Material provided:
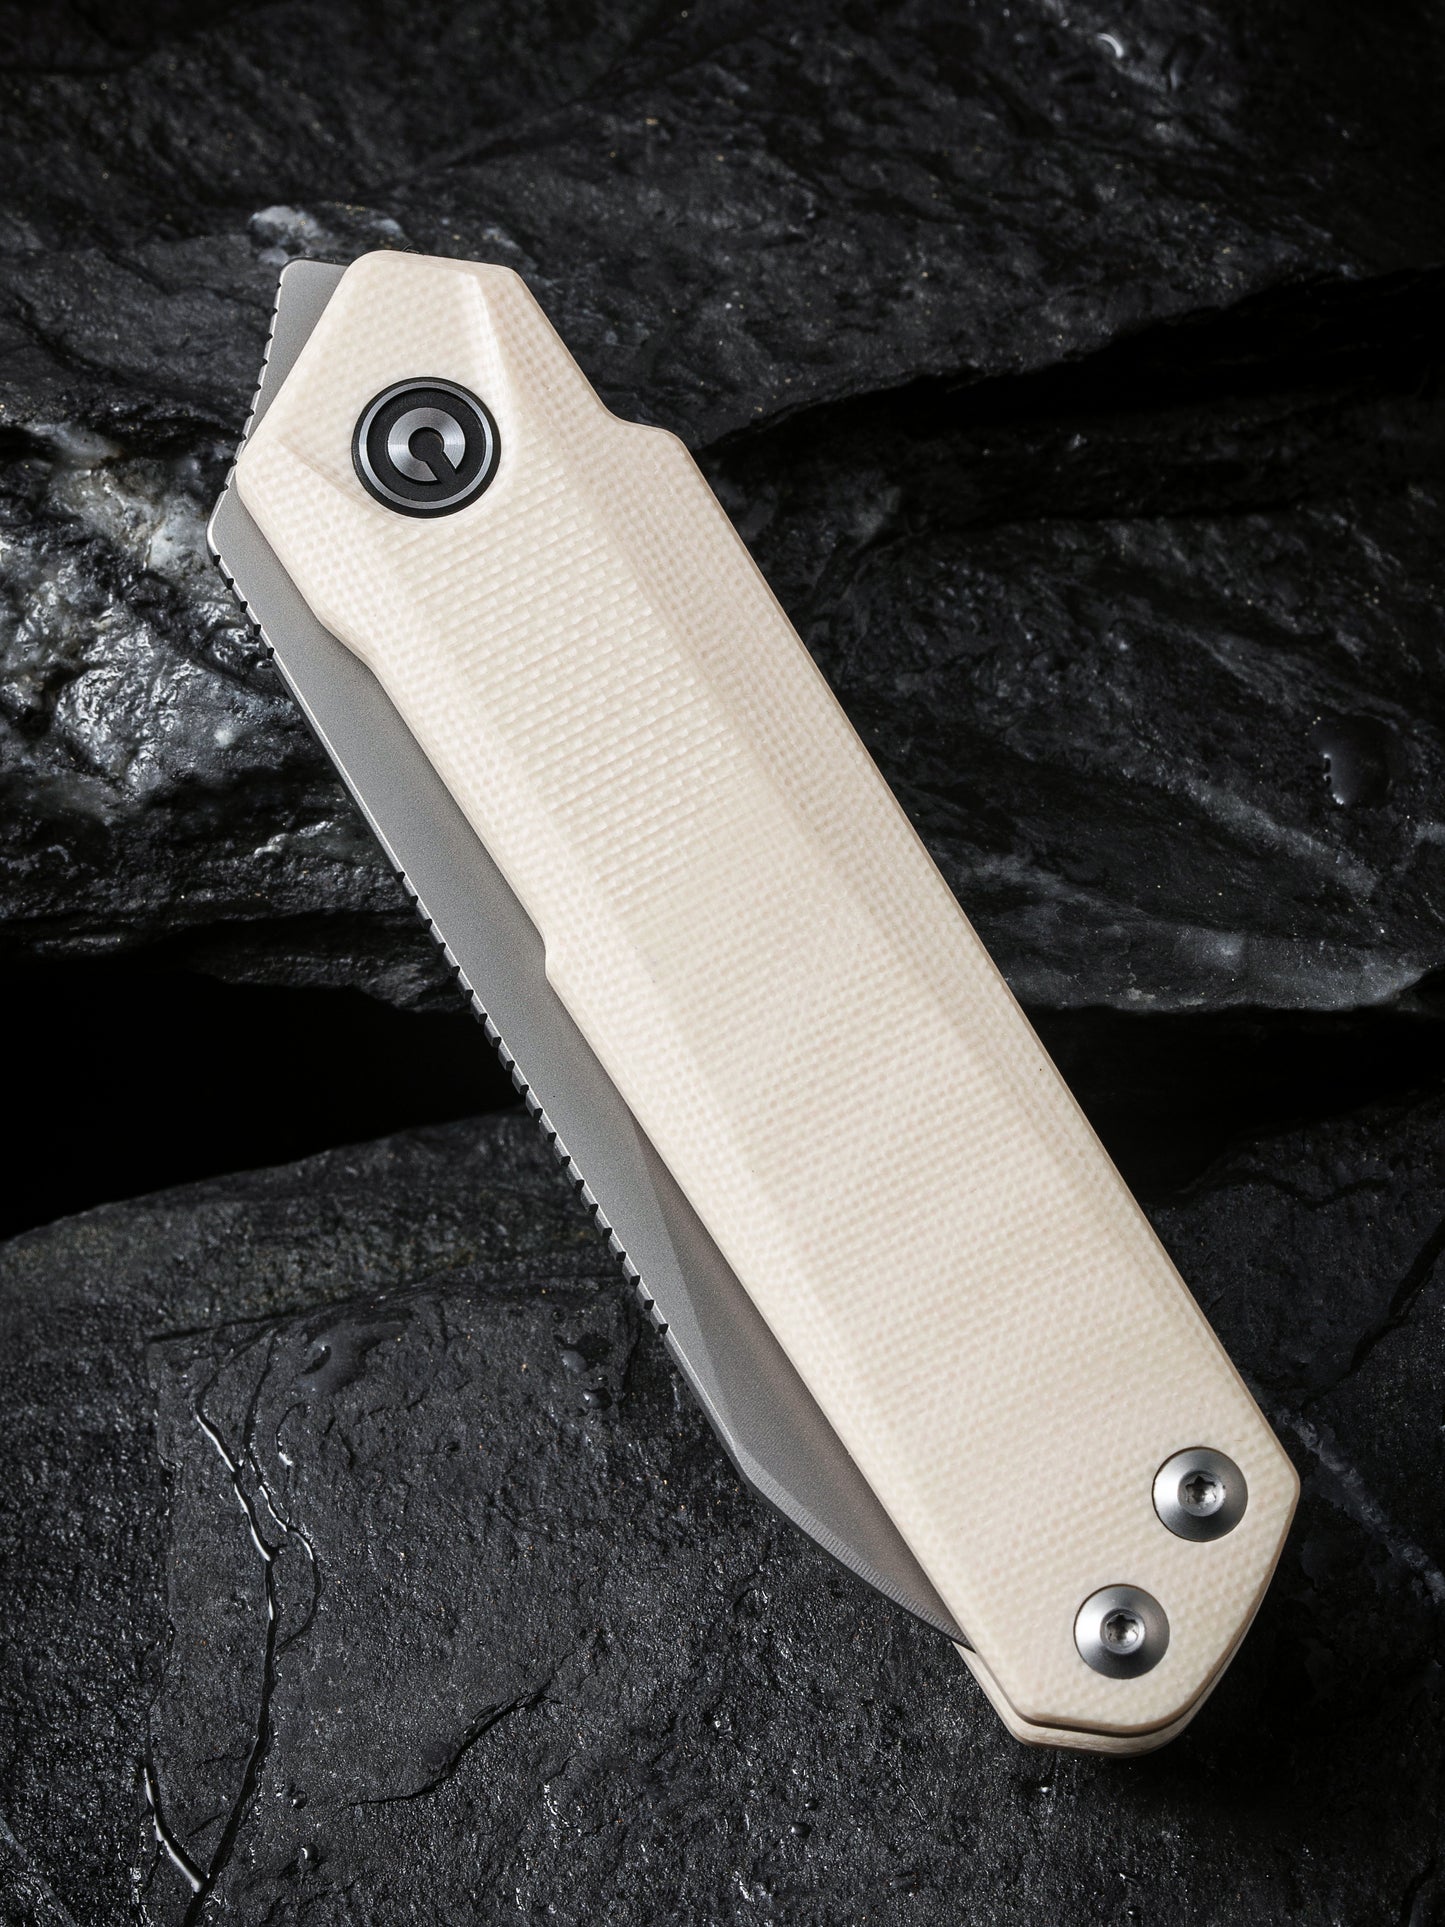 Civivi Ki-V Plus 2.52" Nitro-V Ivory G10 Linerlock Folding Knife by Ostap Hel C20005B-2
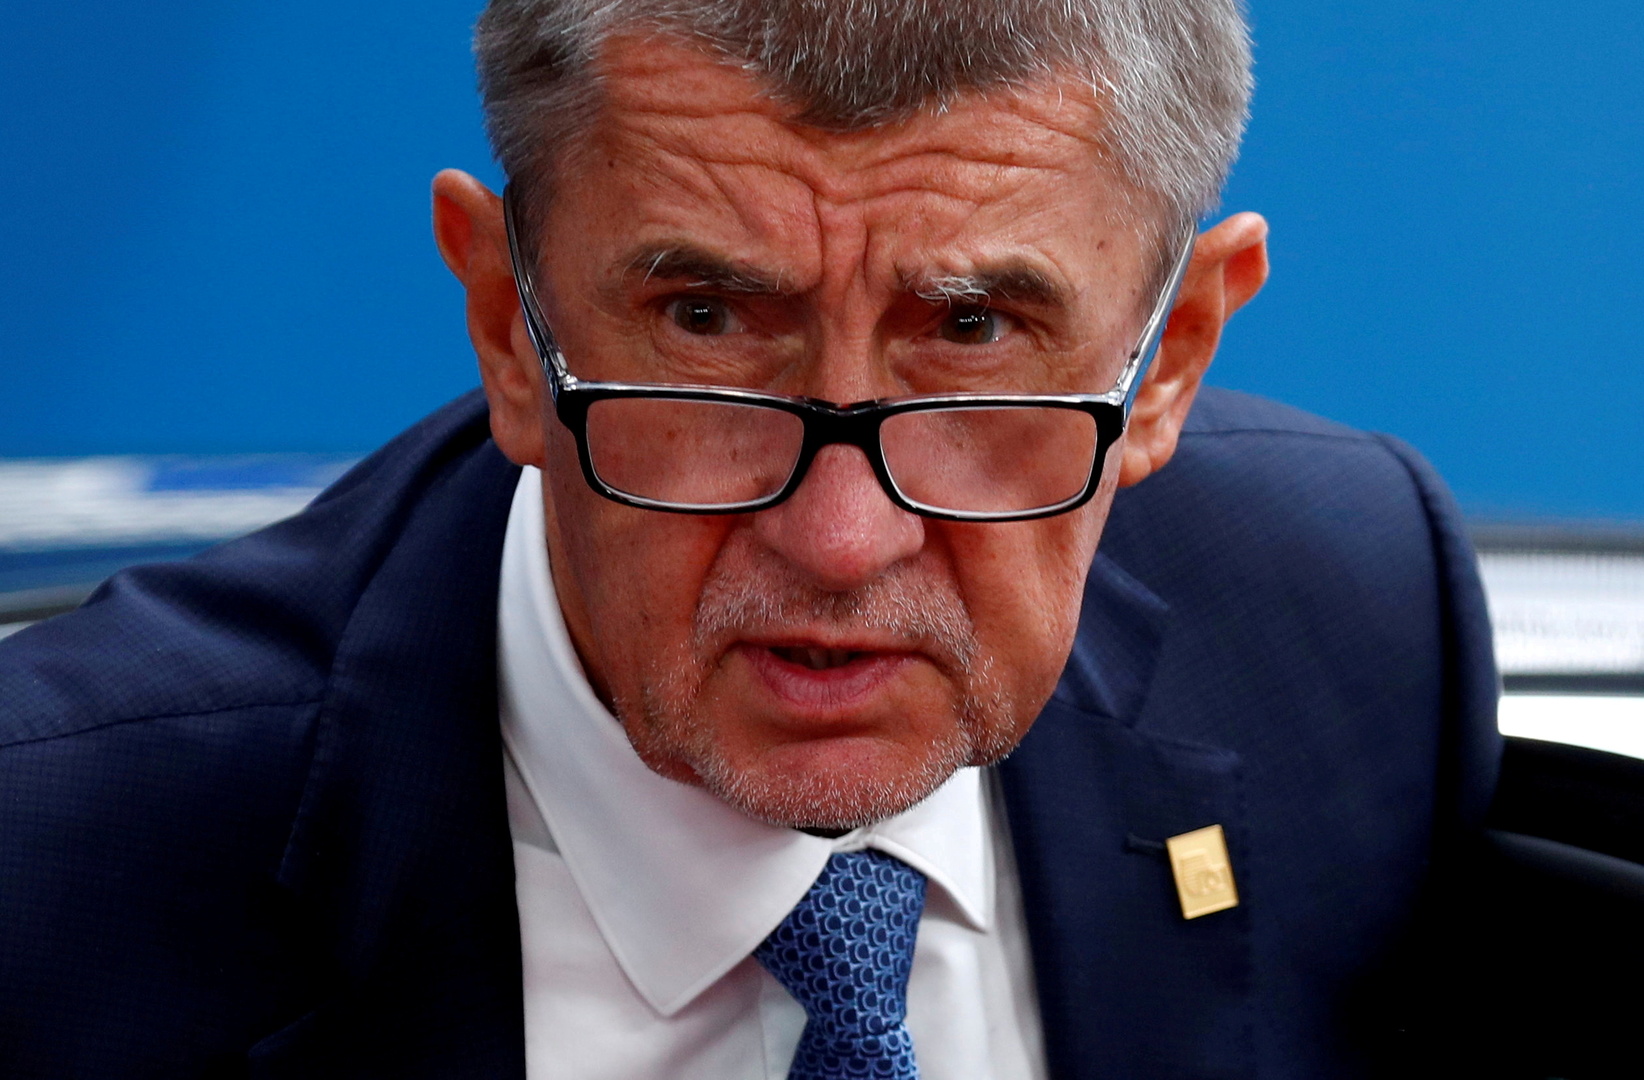 رئيس الوزراء التشيكي يتعرض للرشق بالبيض خلال استعراض كتابه الجديد
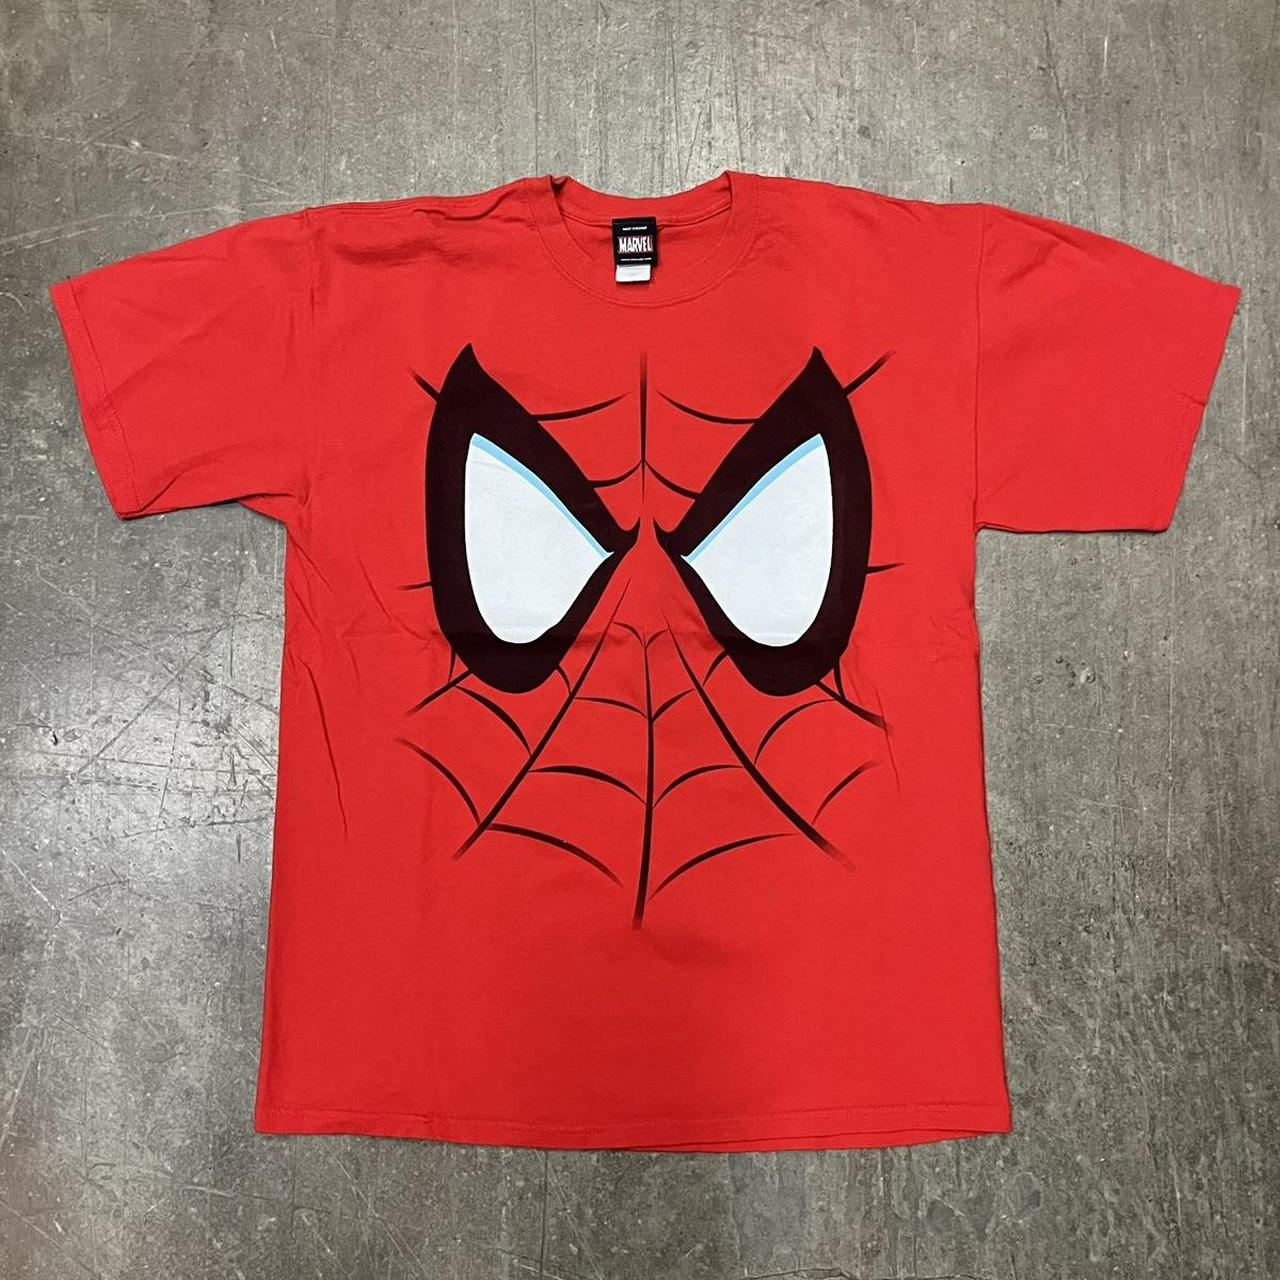 Vintage Spider-Man Shirt size Large y2k 2000s Mad... - Depop
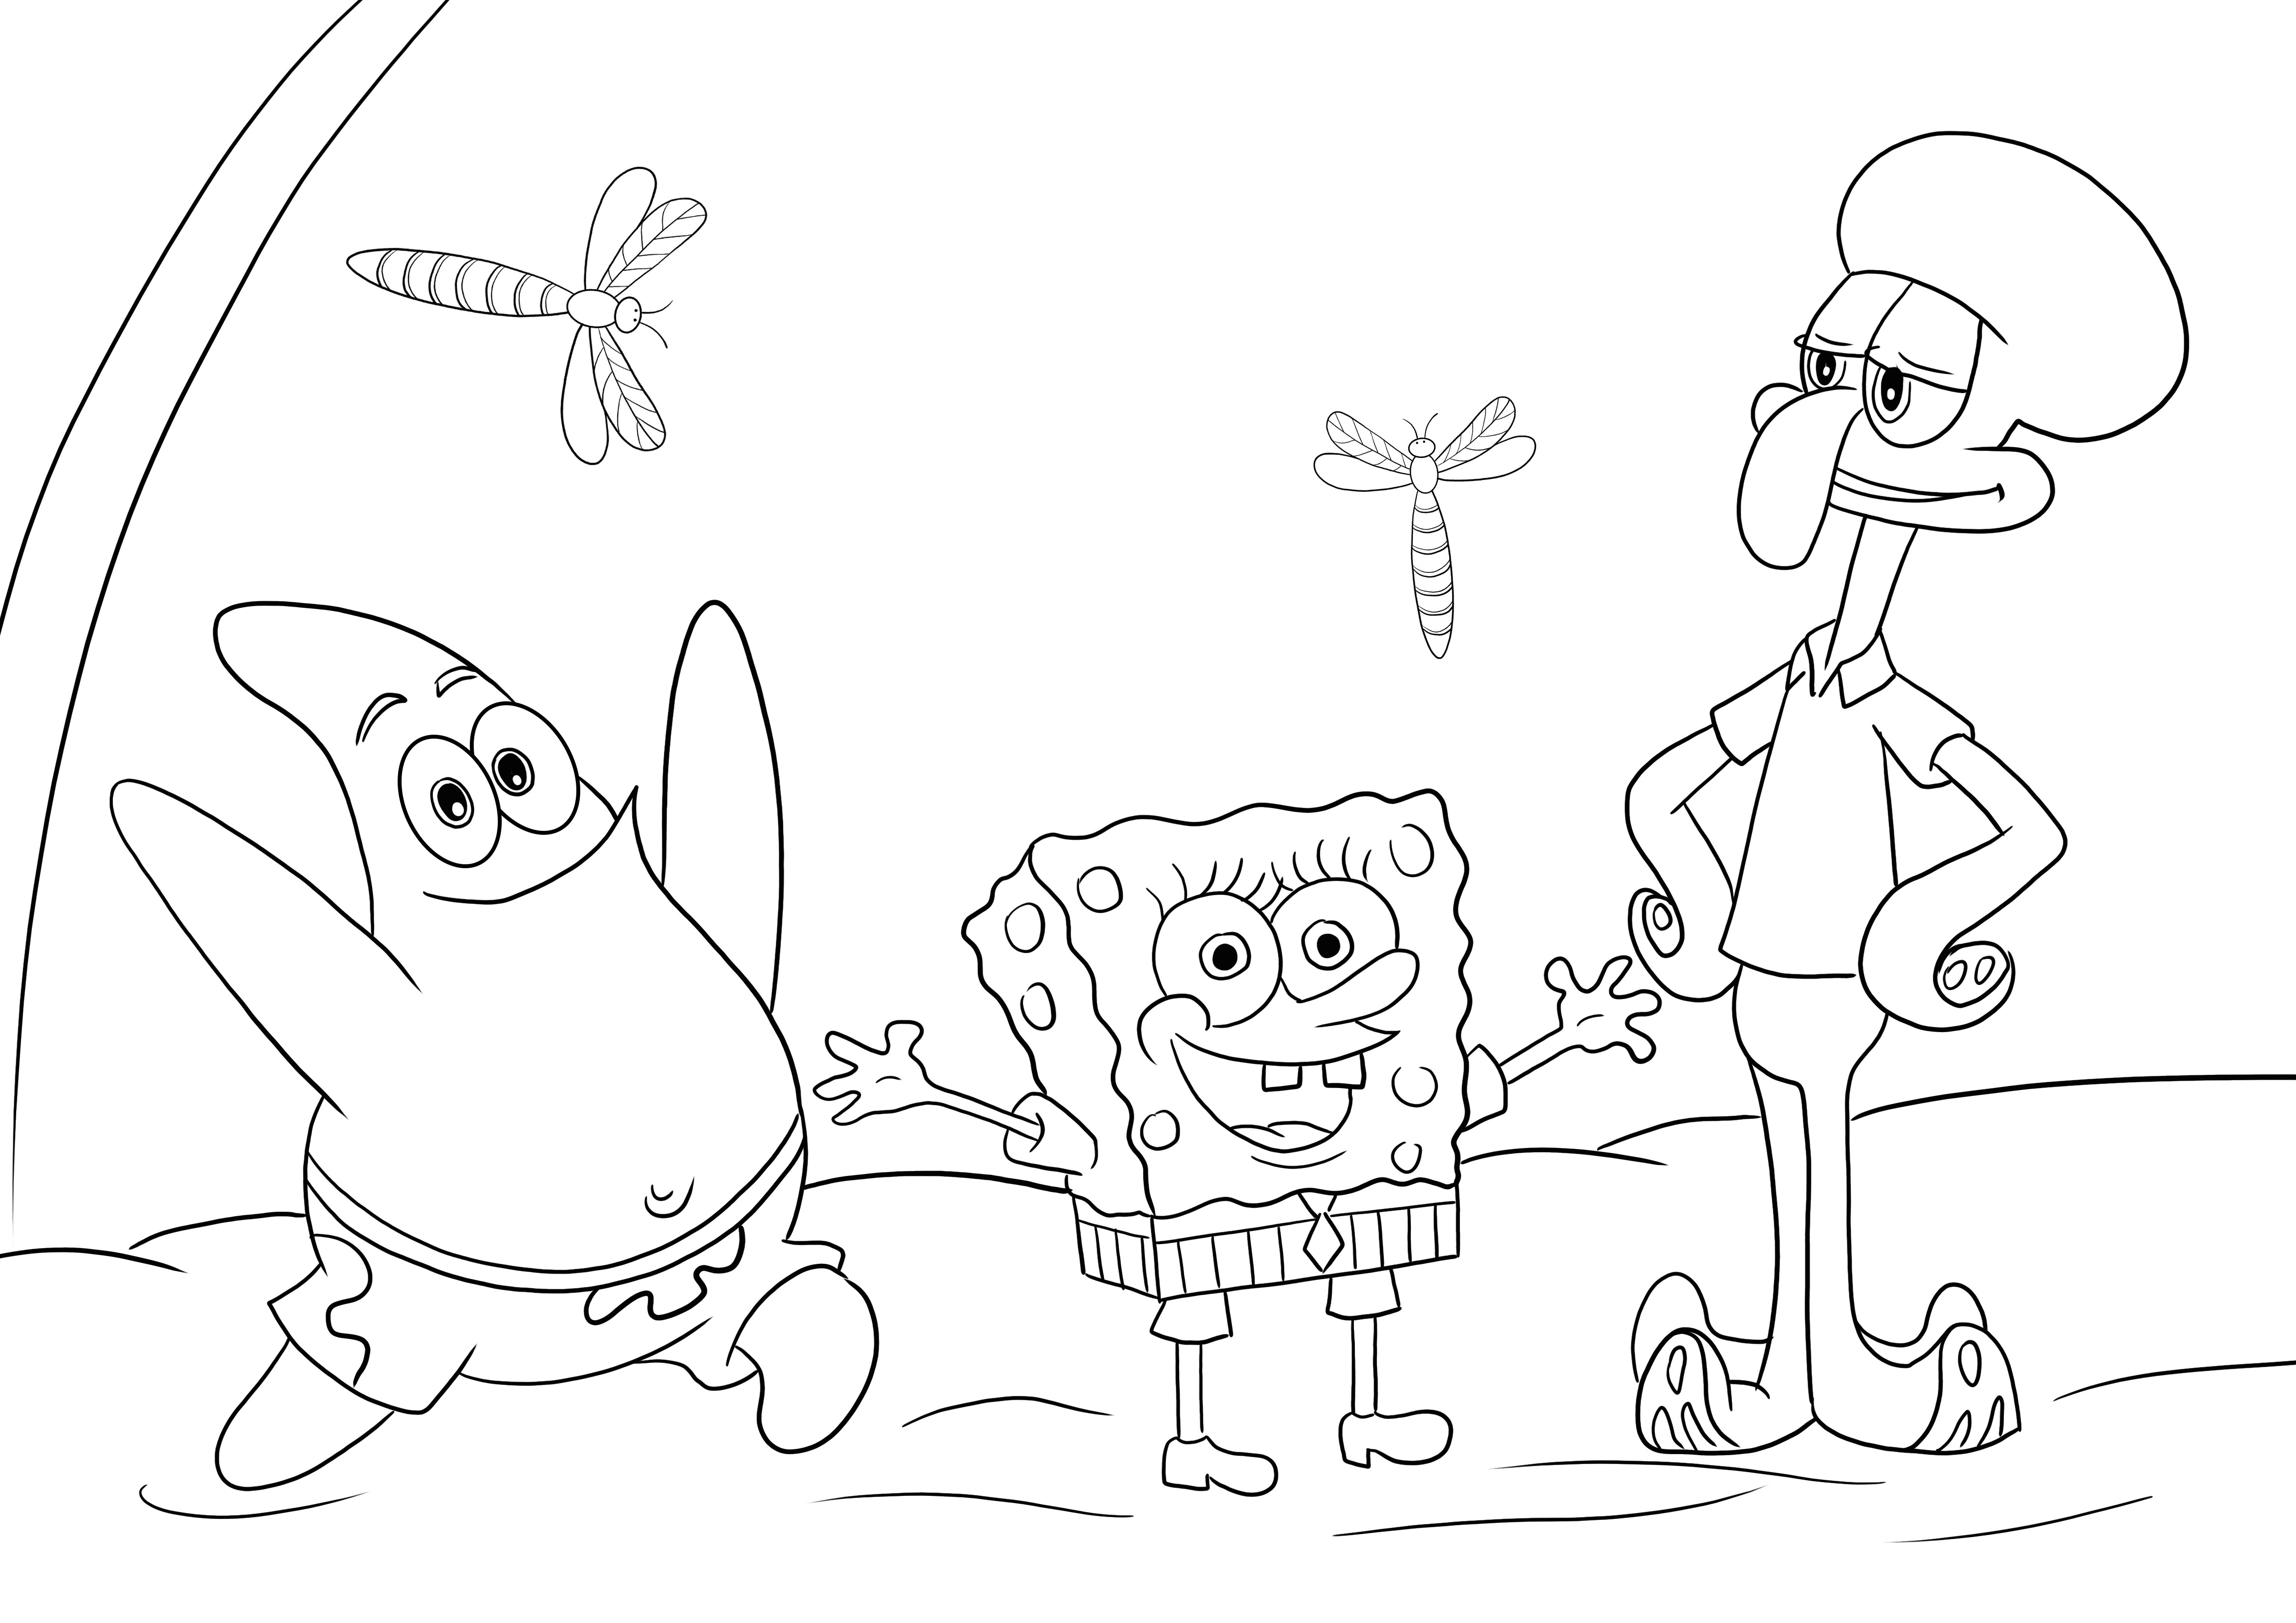 Sponge Bob-Patrick Star-Squidward per colorare e stampare l'immagine gratis

What this task involves:
Reproduce the whole listing verbatim. Pictures stay out of the copy.

Exercise solution:
 Civivi Ki-V Plus 2.52" Nitro-V Ivory G10 Linerlock Folding Knife by Ostap Hel C20005B-2
 رئيس الوزراء التشيكي يتعرض للرشق بالبيض خلال استعراض كتابه الجديد
 Vintage Spider-Man Shirt size Large y2k 2000s Mad... - Depop
 Sponge Bob-Patrick Star-Squidward per colorare e stampare l'immagine gratis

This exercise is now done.